Restate, exactly as written, the entries below from the line that holds "The Four Elements: Fire" through the line that holds "Large solar panels". Pictures are not part of the copy.

Given records section start

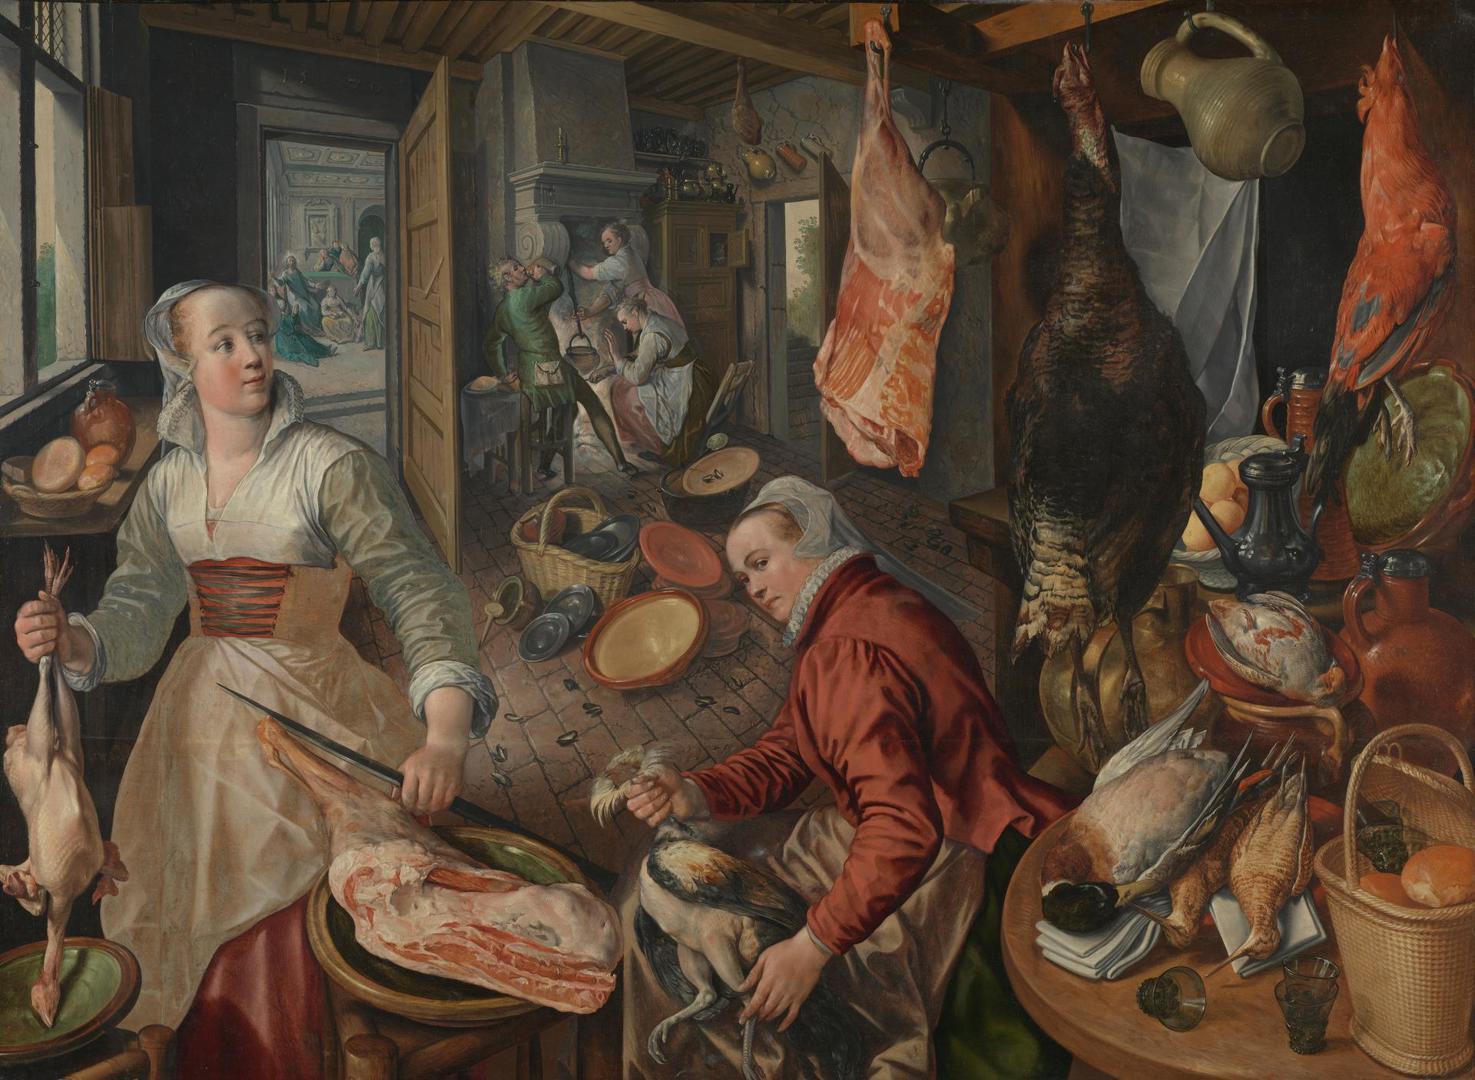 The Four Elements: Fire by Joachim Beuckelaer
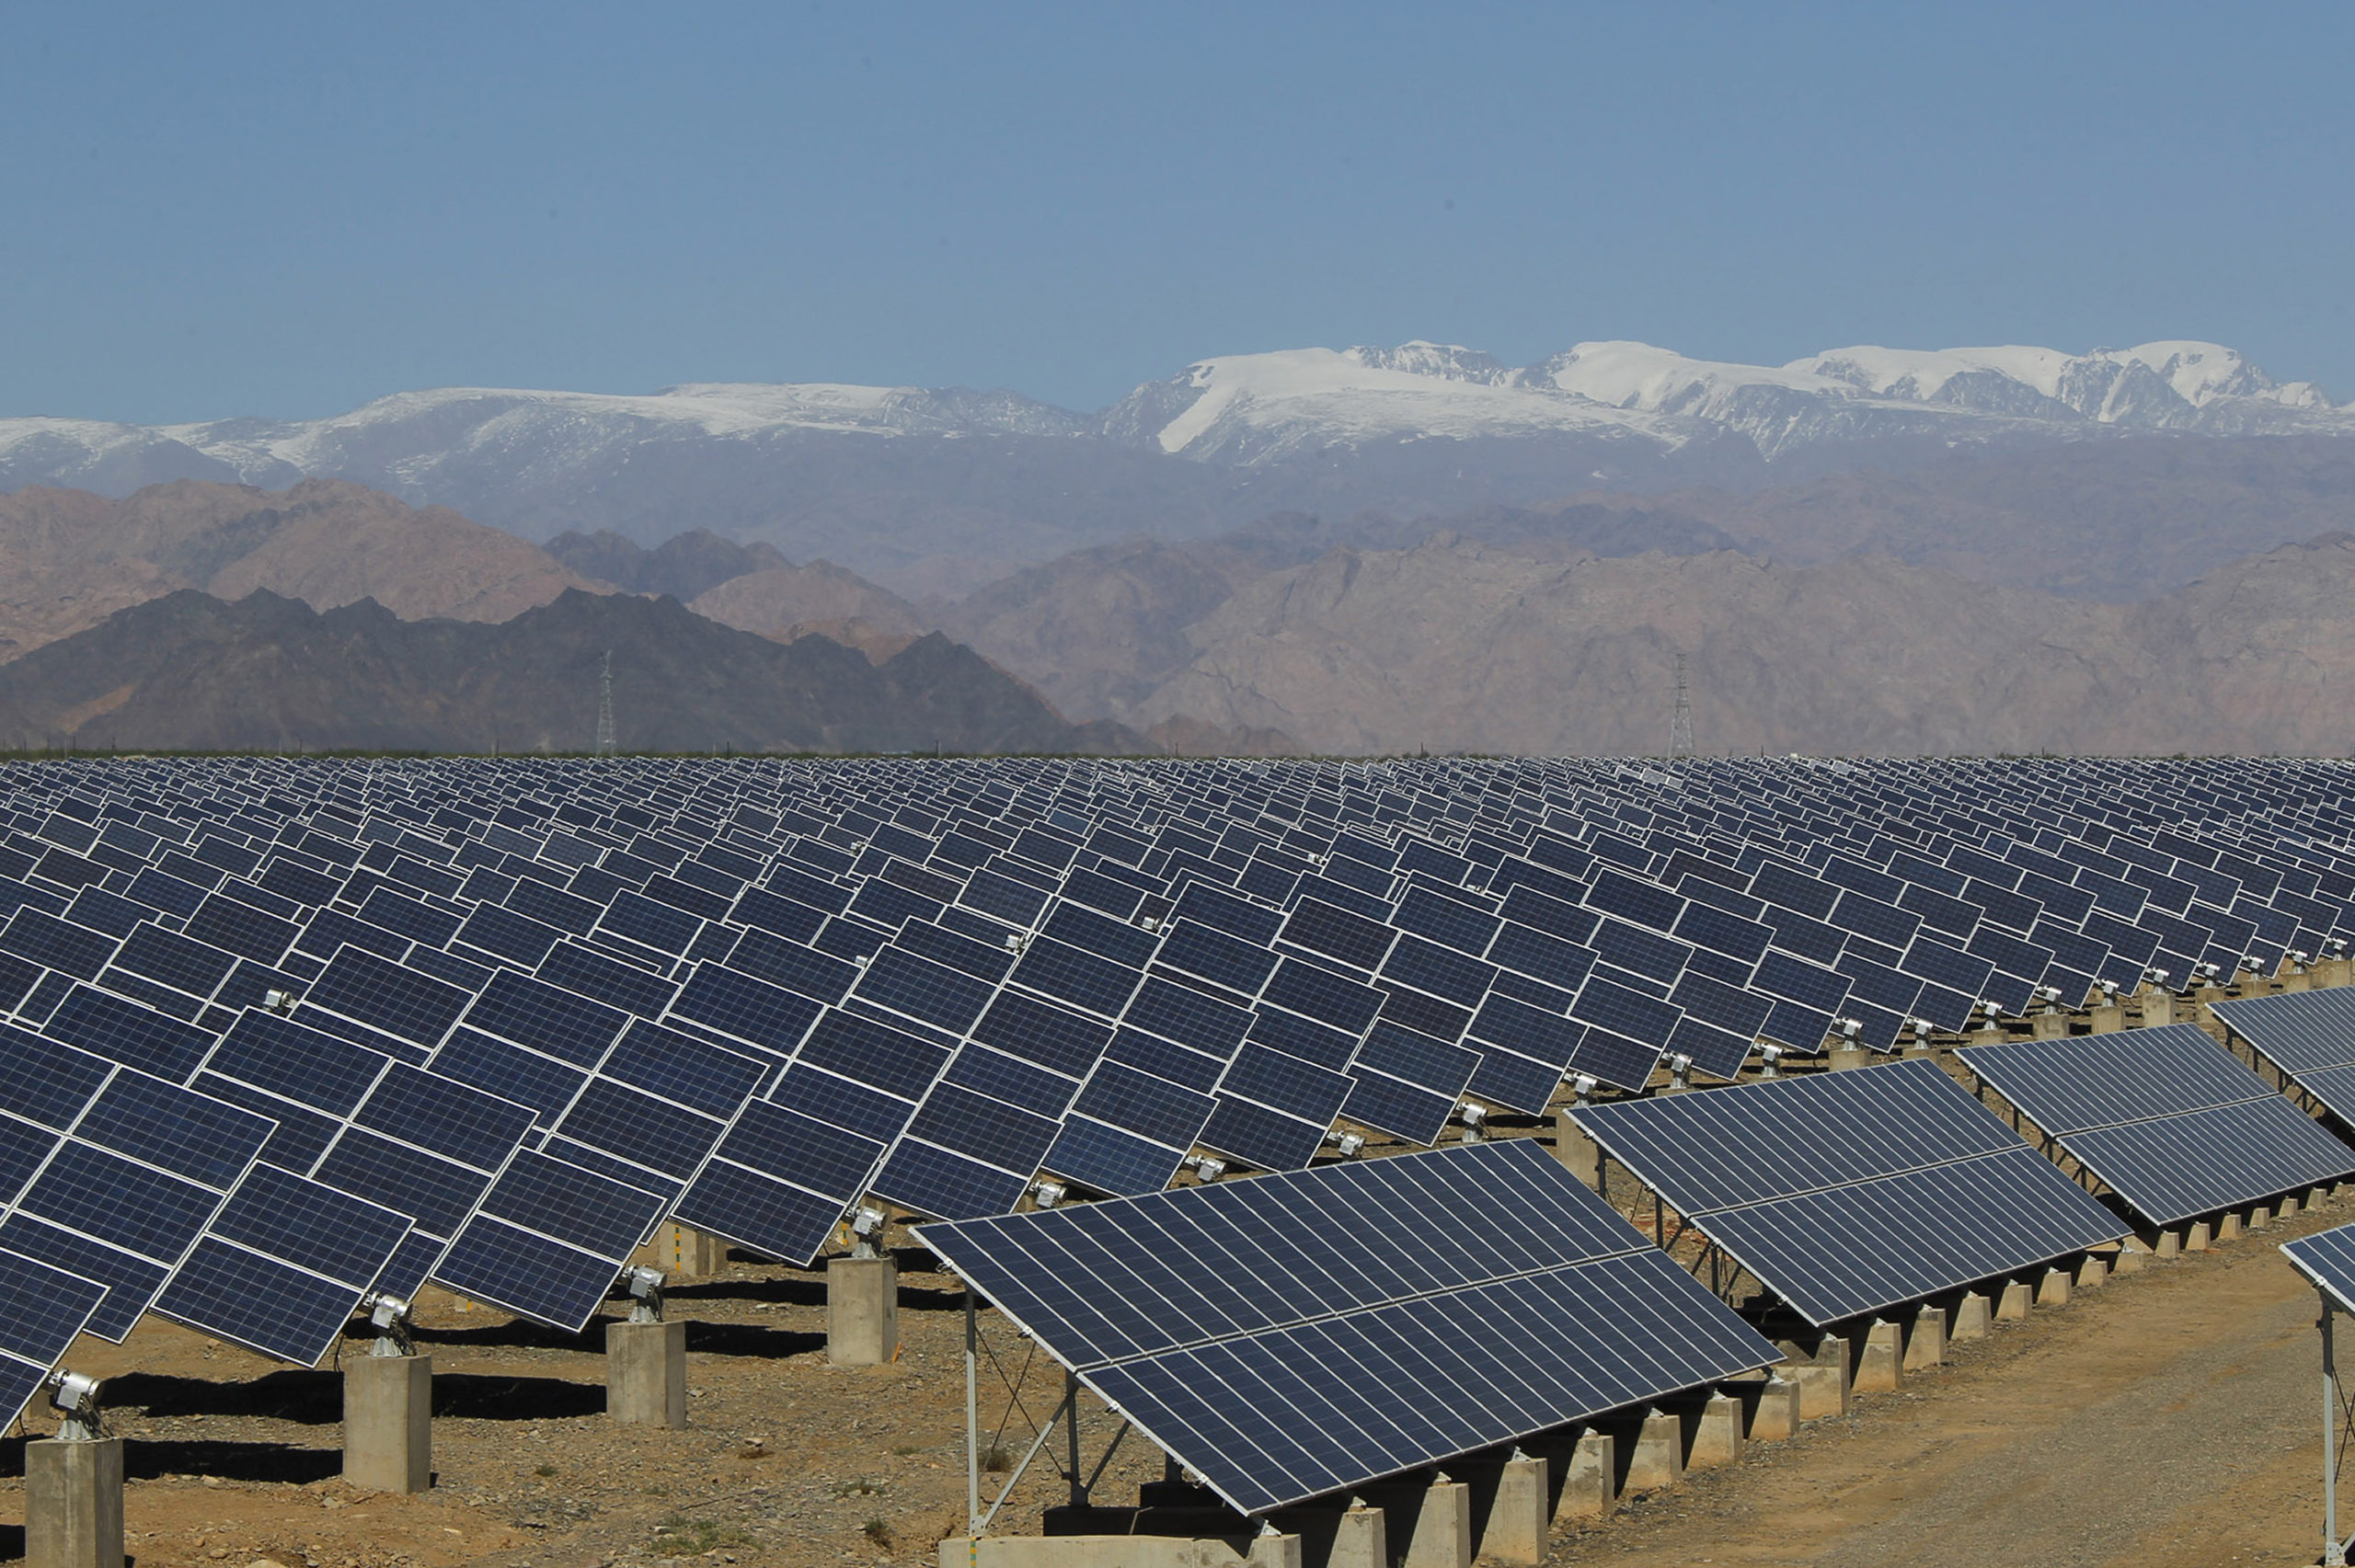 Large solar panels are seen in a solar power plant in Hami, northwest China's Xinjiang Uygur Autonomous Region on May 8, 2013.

Given records section end
Given records section start

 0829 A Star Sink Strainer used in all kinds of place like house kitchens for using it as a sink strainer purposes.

Given records section end

# Answer to the exercise
 The Four Elements: Fire by Joachim Beuckelaer
 Large solar panels are seen in a solar power plant in Hami, northwest China's Xinjiang Uygur Autonomous Region on May 8, 2013.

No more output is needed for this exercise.